Pioneering Gallerist Betty Parsons Was Also an Important Artist

Artsy
June 23, 2017

The list of Betty Parsons’s adventures and accomplishments is immense.

As a gallerist, she gave Jackson Pollock, and myriad other Abstract Expressionists, some of their earliest shows. As a magnetic free spirit, she played tennis with Greta Garbo and danced weekly with Alexander Calder “for the exercise.” She topped her head with berets, took lovers like Josephine Baker, and traveled the world many times over.

Art history has remembered Parsons for all of these traits and triumphs. But the aspect of Parsons’s experience that made her happiest, has been largely ignored: her own art.

“When I’m not at the gallery, my own art is my relaxation,” Parsons said in a 1977 interview published in Art in America. “That’s my greatest joy.”

Parsons’s work is currently the subject of a spellbinding, long-overdue New York retrospective, “Invisible Presence,” on view at Alexander Gray Associates through July 14th. It celebrates her experimental practice with a selection of sculptures and paintings she made between 1922, when she was 22 years old, and 1981. For Parsons, her life as an artist predated her career as gallerist and continued—without pause—until her death in 1982.

“We’re trying to understand Betty Parsons the artist, aside from her role as a great dealer,” explains Alejandro Jassan, associate director at Alexander Gray Associates, of the motivation for the show. “Not many people are aware that she was a painter—and a very prolific and good one at that.”

The gallery began representing Parsons’s estate this May. “Invisible Presence” is its first of hopefully many shows to uncover her vast and inspired output—as well as connect meaningful dots between her personal practice and her role as a bellwether of Modern Art.

Parsons was born Betty Bierne Pierson in 1900 to a wealthy New York family. By age 13, she was already showing signs of rebellion from the role of high-society debutante she was expected to assume. After she visited the notorious 1913 Armory Show—where works by Matisse and Duchamp scandalized American audiences—she resolved to become an artist.

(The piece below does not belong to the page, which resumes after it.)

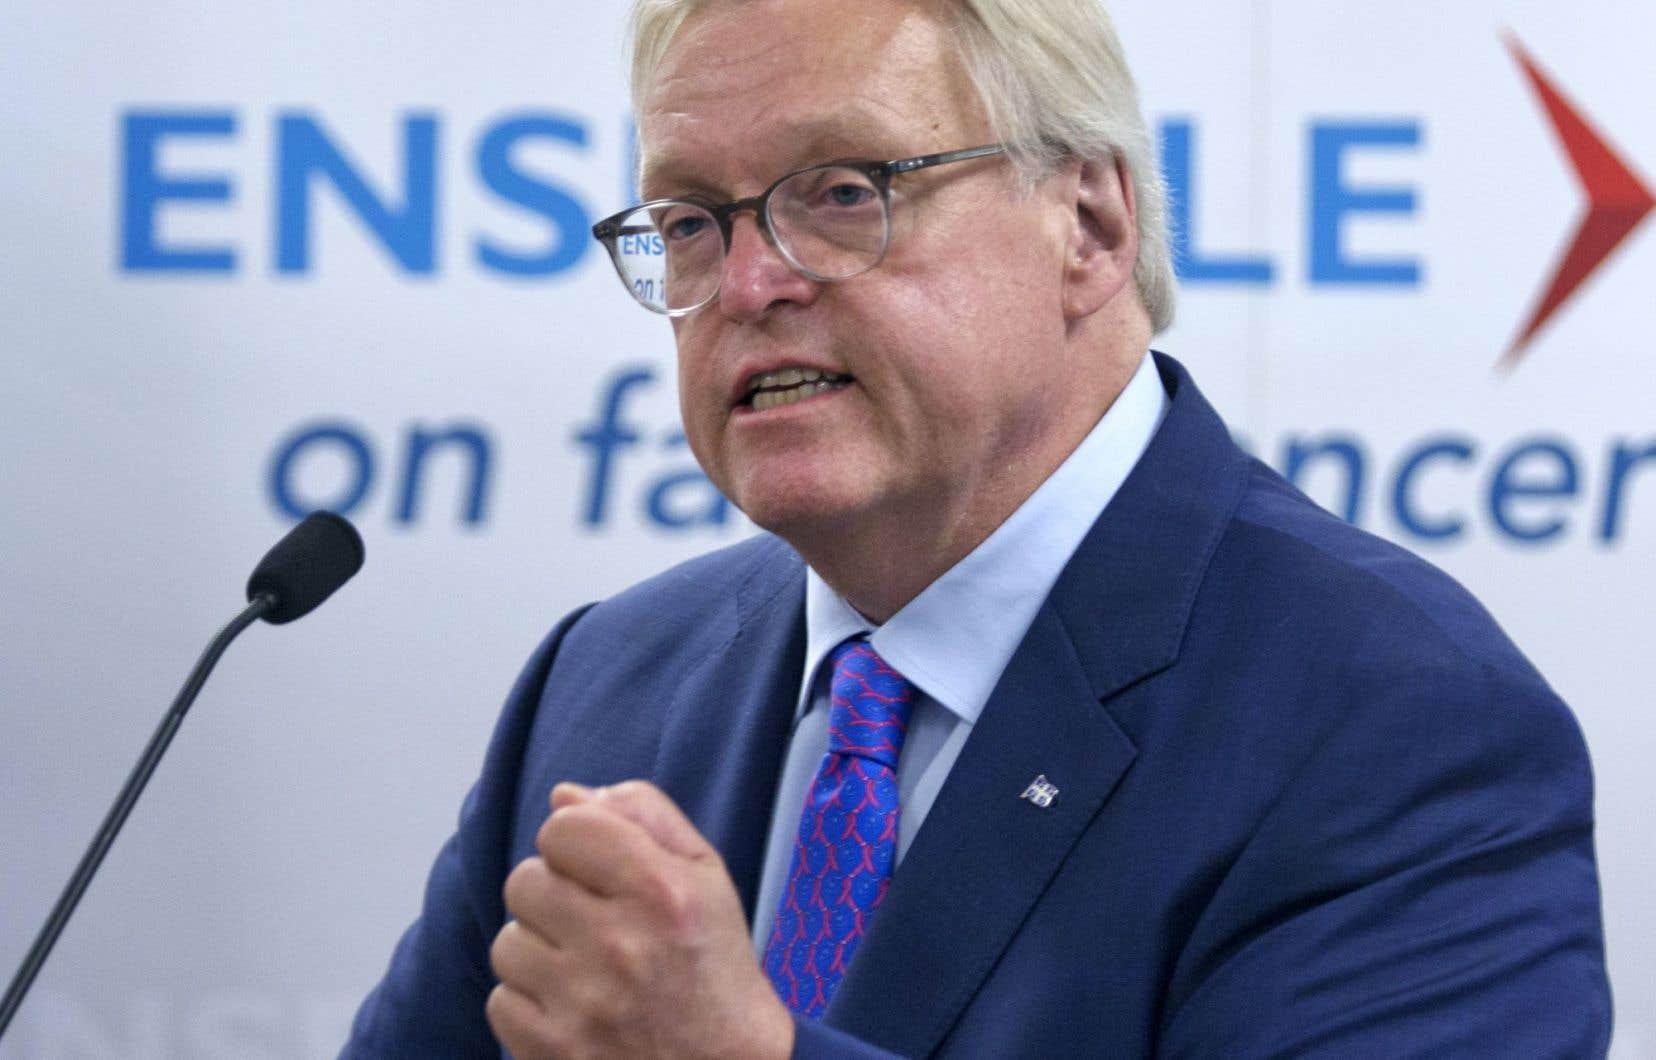 Le ministre de la Santé, Gaétan Barrette, a qualifié la lettre de son homologue fédérale, dans laquelle elle annonce vouloir réclamer remboursement à Québec, de «spectacle», lundi en point de presse.

To Parsons, the radical art that she saw captured a “new spirit,” a phrase that doubled as her teenage mantra. In one interview, she recounted catching herself repeating “I am the New Spirit” as she strolled down Fifth Avenue.

Her trip to the Armory Show sparked a period of classes with Gutzon Borglum, the artist best known as Mount Rushmore’s infamous sculptor. But Parsons’s art studies slowed when she married socialite Schuyler Livingston Parsons in 1919. It was an unhappy union, and in 1922, she hightailed it to Paris. There, she divorced her husband and signed up for sculpture classes at Antoine Bourdelle’s Academie de la Grande Chaumière, where she rubbed elbows with the likes of Alberto Giacometti.